12.  Remedies. In the event of a breach by Seller of any of its representations,
 
warranties and covenants set forth in this Agreement, or in the event Seller otherwise defaults on its obligations hereunder, Buyer may exercise any one or more of the following remedies, to the maximum extent allowed by law:

ww.  Require Seller to re-purchase the Account pursuant to Section 7 of this Agreement;
 
xx.  Enforce Buyer's rights and remedies under the Security Agreement.
 
yy.  If same can be accomplished peaceably, enter Seller's business premises and take possession of all books and records relating to the Accounts.
 
zz.  Exercise any other rights or remedies available pursuant to this Agreement, at law or in equity.
 
13.  Termination. This Agreement shall continue in full force and effect until terminated by either party upon 30 days written notice to the other. No termination shall relieve either party of any rights or obligations accrued as of the date of termination.
 
14.  Attorney- in- Fact.

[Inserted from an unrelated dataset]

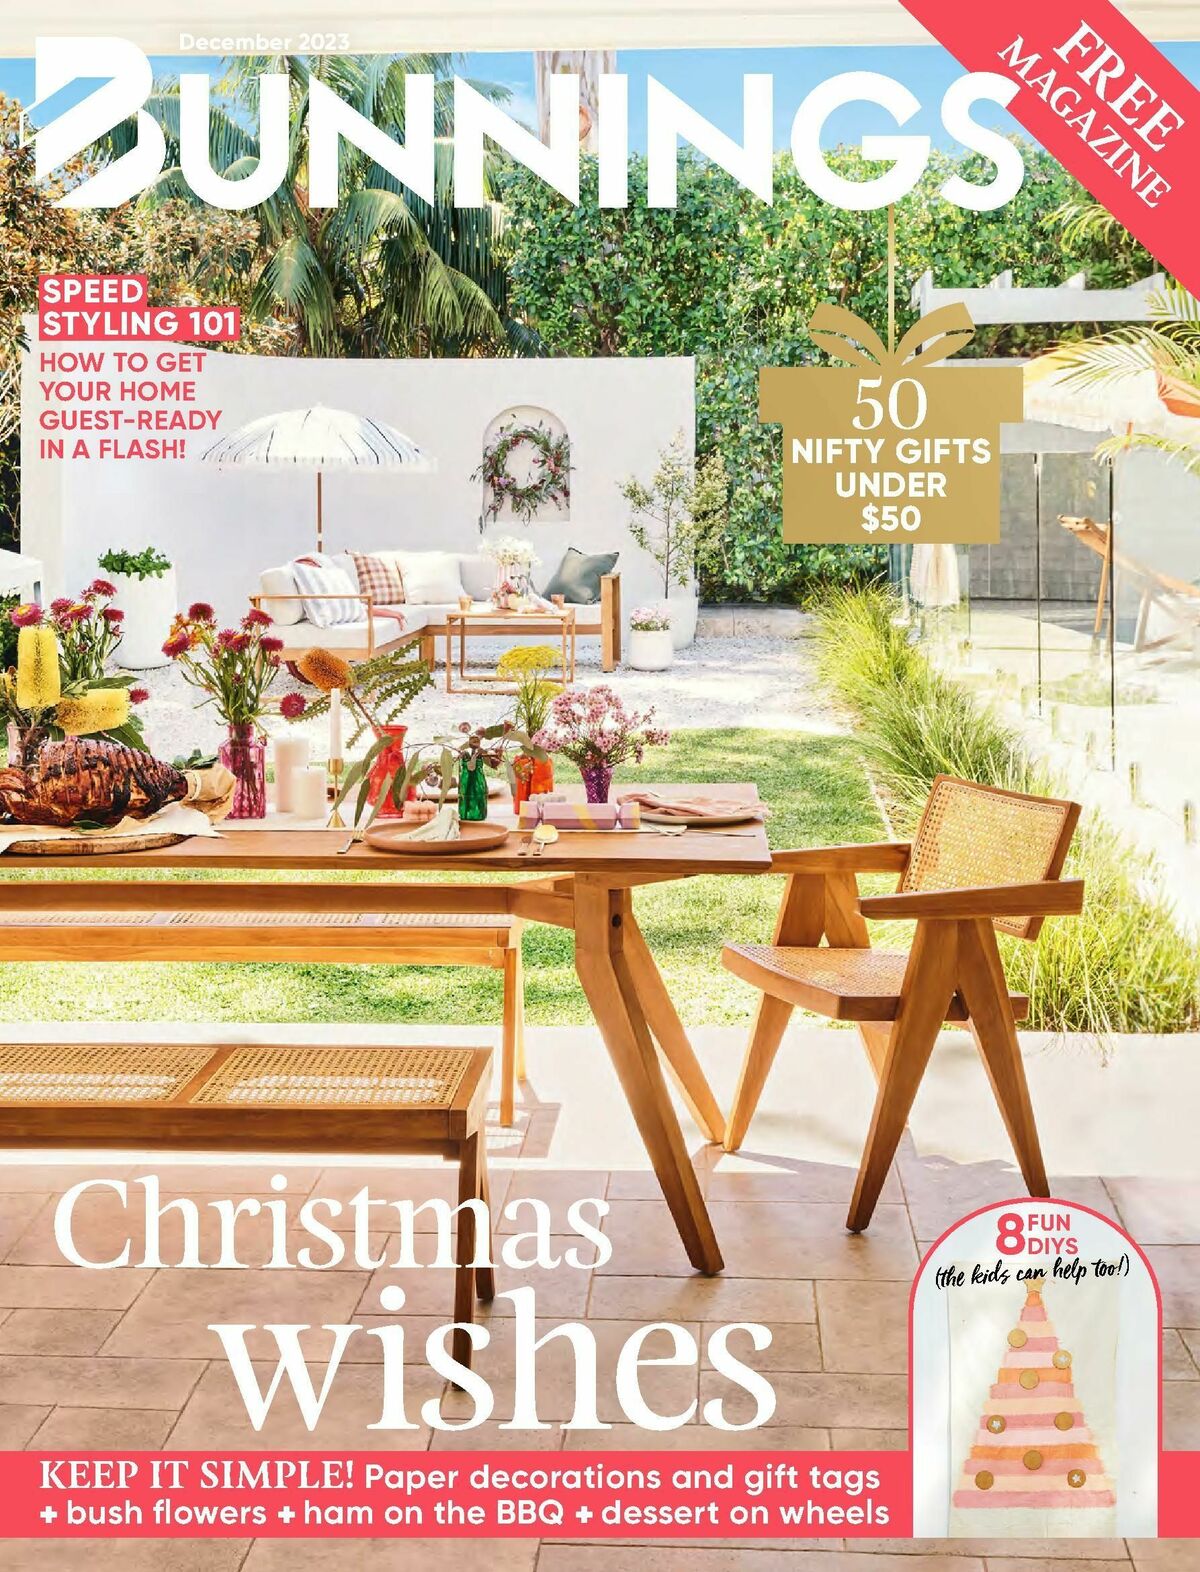 Bunnings Warehouse Magazine December Catalogues from 1 December

Seller hereby irrevocably appoints Buyer, or any person designated by Buyer, its true and lawful special attorney-in-fact and agent, with power to do the following:

ww.  Receive, open and dispose of all mail addressed to Seller.
 
xx.  Endorse the name of Seller on any notes, acceptances, checks, drafts, money orders or other remittances for payment of the Accounts.

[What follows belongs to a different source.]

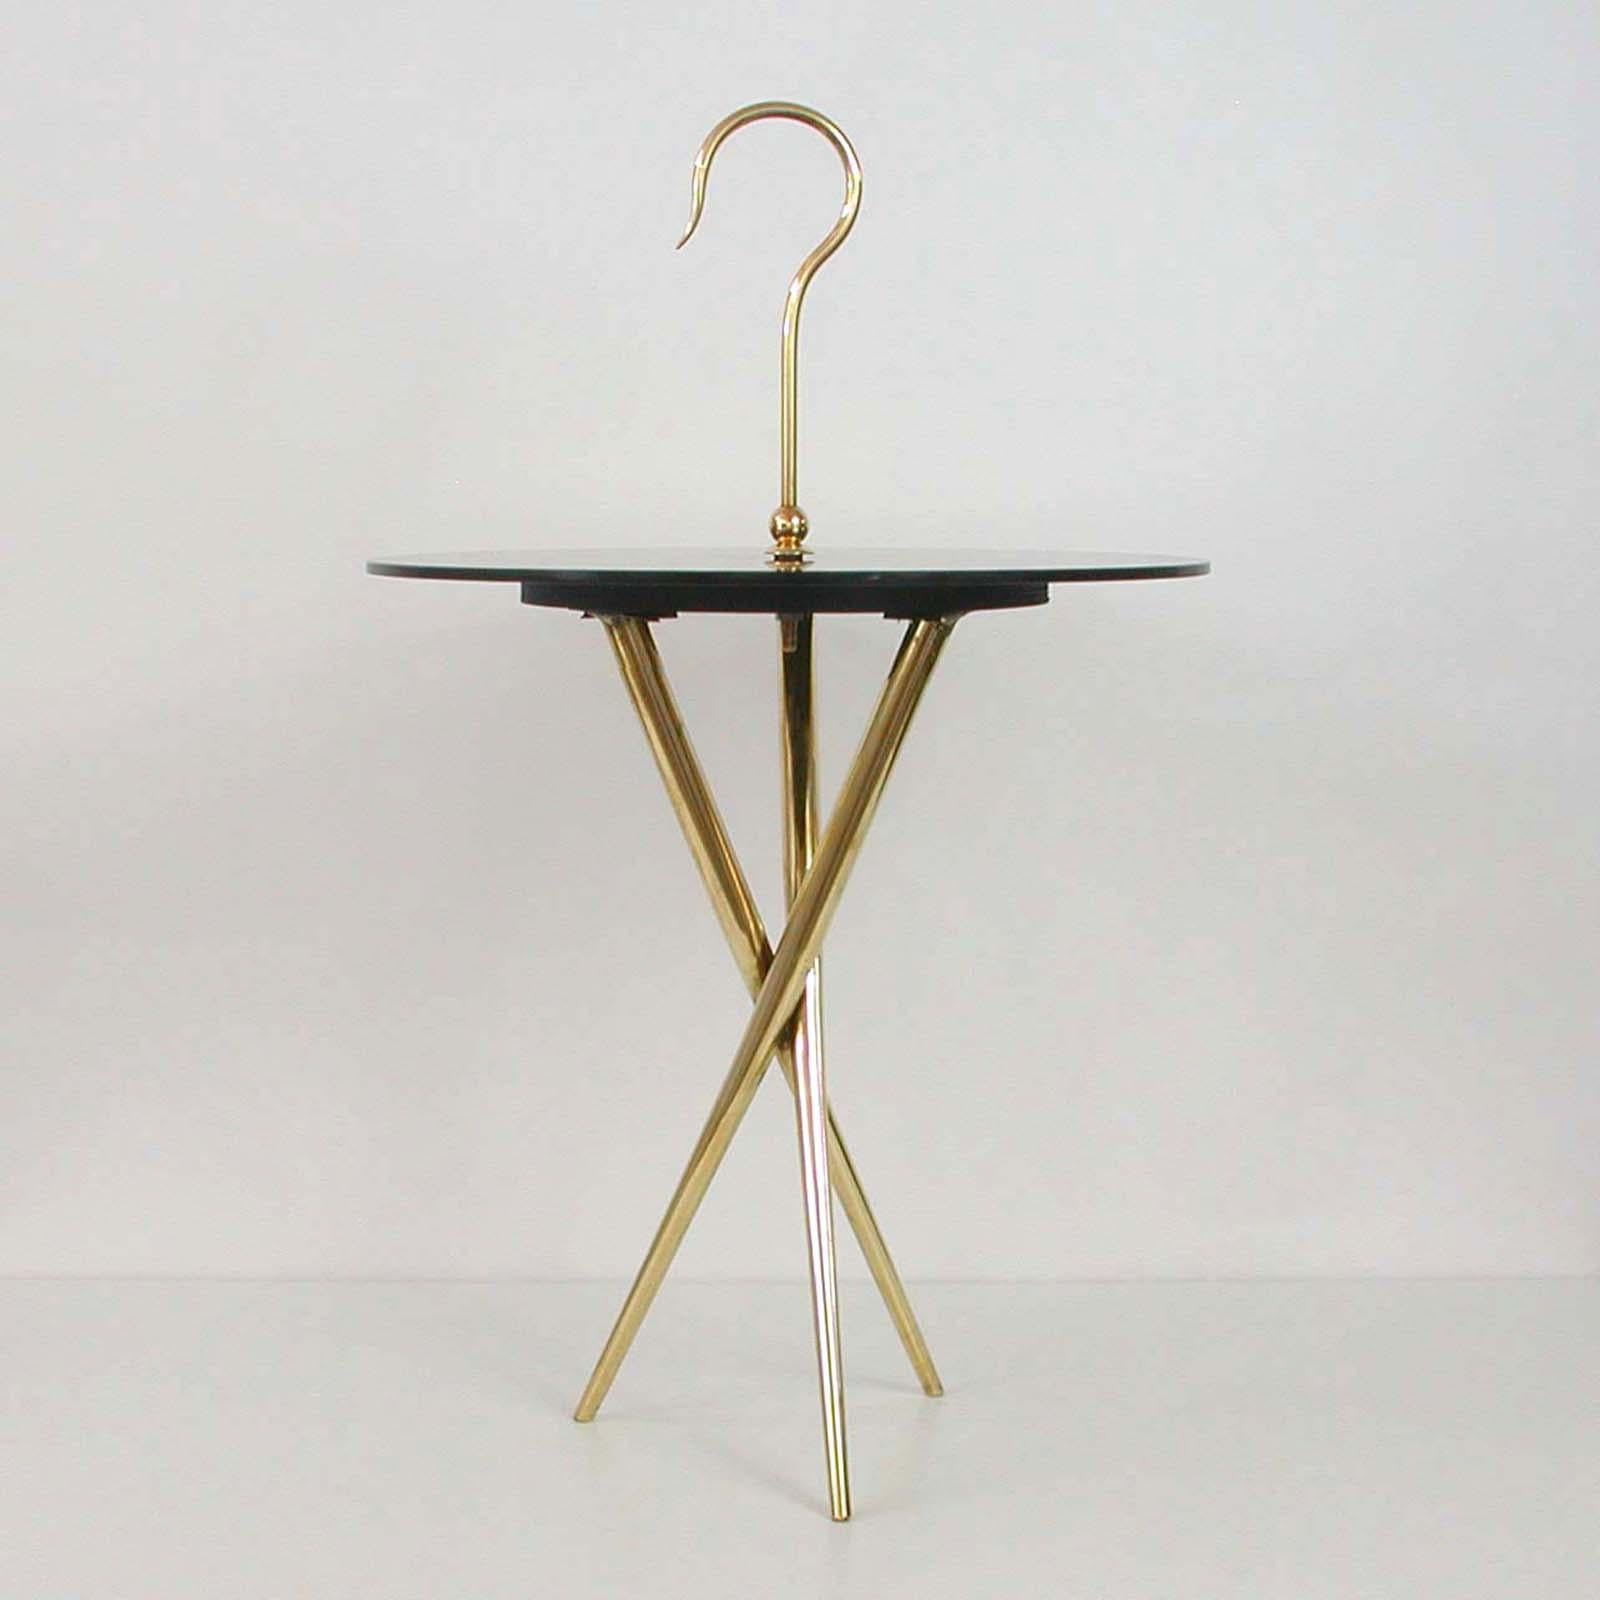 Italian Midcentury Brass and Tinted Glass Occasional Table, 1950s For Sale 3

c.  Endorse the name of Seller on any invoice, freight, or express bill or bill of lading, storage receipt, warehouse receipt or other instrument or document in respect to any Account.
 
d.  Sign the name of Seller to drafts against Seller, assignments or verifications of Accounts and notices to Customer.
 
e.  Send notices and file liens against third parties to the same extent that Seller could do so.
 
f.  Do all other acts and things necessary to carry out the intent of this Agreement.
 
15.  Miscellaneous:
 
c.  Account Purchase Agreement: This is an account purchase agreement pursuant to the Texas Finance Code.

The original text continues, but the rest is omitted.